How vinegar is made is probably not one of the top things most people have in mind to learn about, but vinegar happens to be one of the more frequently used condiments in a cook's kitchen.
Vinegar is not really just wine gone bad. It is wine that has been altered by a yeast based substance called Vinegar Mother, or more formally, Mother of Vinegar.
Vinegar Mother contains yeast and a form of acetic acid bacteria, with cellulose as well. The yeast creates alcohol, which is then transformed by the acetic acid bacteria, which turns the aclcohol into acetic acid. Acetic acid is what gives vinegar it's distictive flavor and what differentiates it from wine.
With vinegar mother, you can make your own homemade vinegar to either cook with, or to give as gifts. To make your own vinegar, choose a wine, fruit juice or other alcohol you would like to turn into vinegar. Place the chosen liquid into a clean jar, and shake the liquid up. Let this sit overnight and then add your vinegar mother along with some water. Cover the top of the jar with some cheese cloth. Put the jar in a dark place for about 5 weeks. After 5 weeks, taste your vinegar. If it is strong enough, scoop the mother vinegar out with a spoon to stop it from fermenting further.If it is not strong enough, let it set for a few more days and taste it again.

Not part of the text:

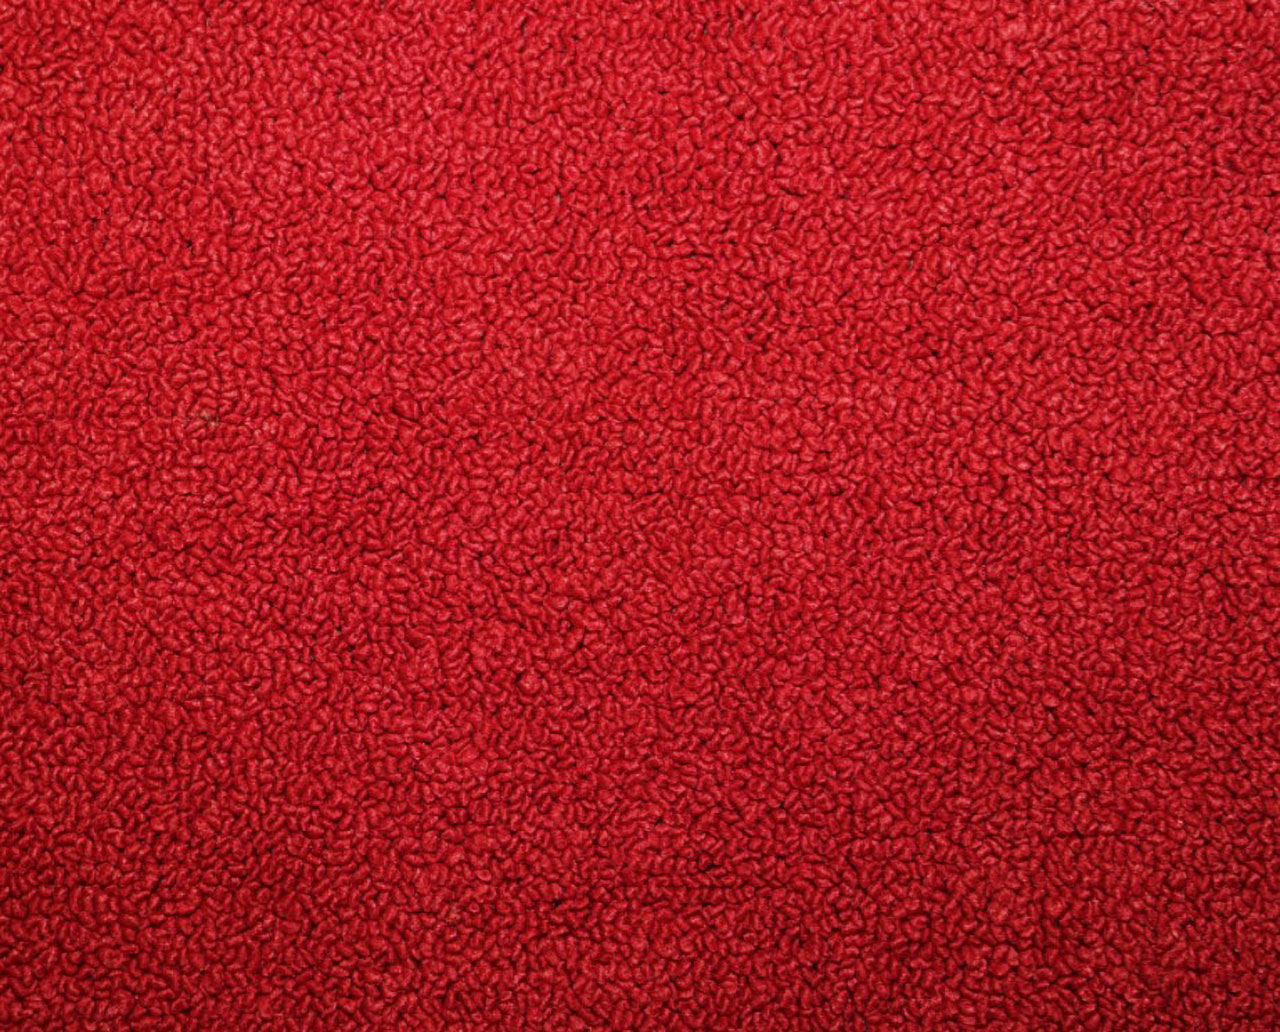 Holden Standard HR Standard Panel Van E73 Mephisto Red Carpet (Image 1 of 1)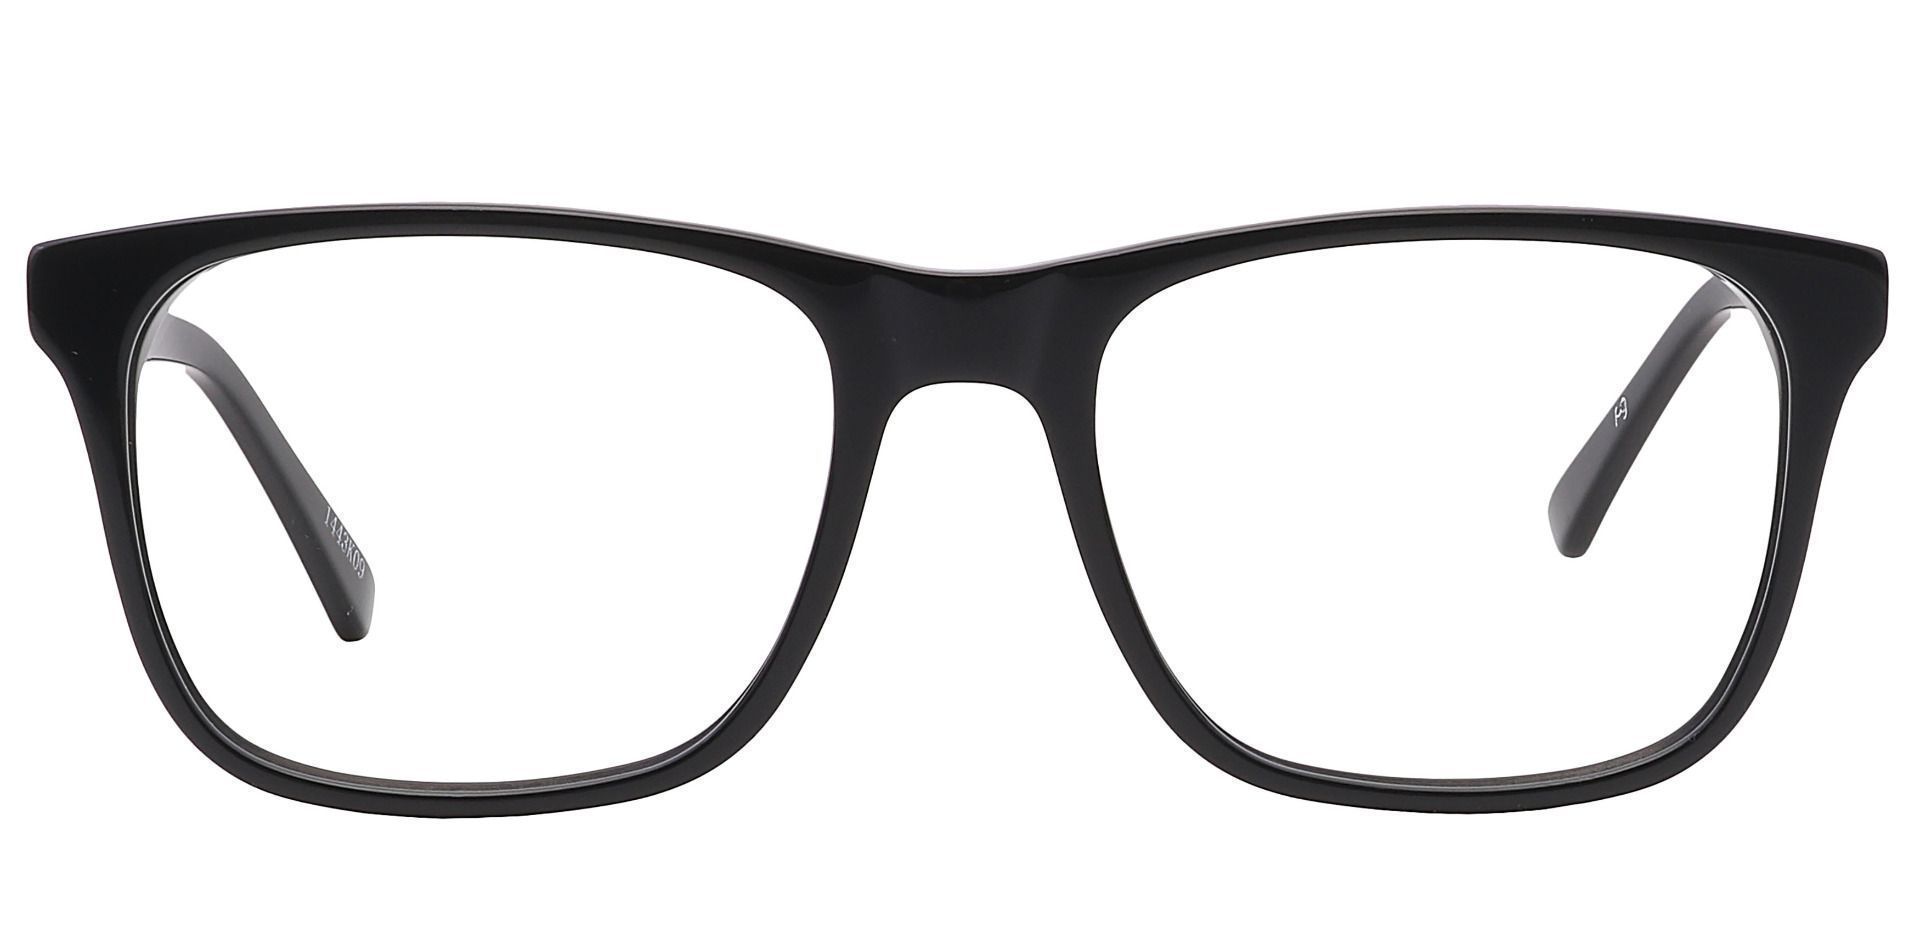 Cantina Square Reading Glasses - Black

Once you are done making your vinegar, you can keep your mother vinegar for later use. Vinegar Mother will stay usable as long as you provide it with oxygen and food. Remember though, that vinegar mother can die. If you forget to provide it with food or it does not get enough oxygen or if the temperature you store your vinegar mother at is either extrememly warm or cold, the vinegar mother will die. When vinegar mother dies, it darkens in color and becomes thicker or even solid.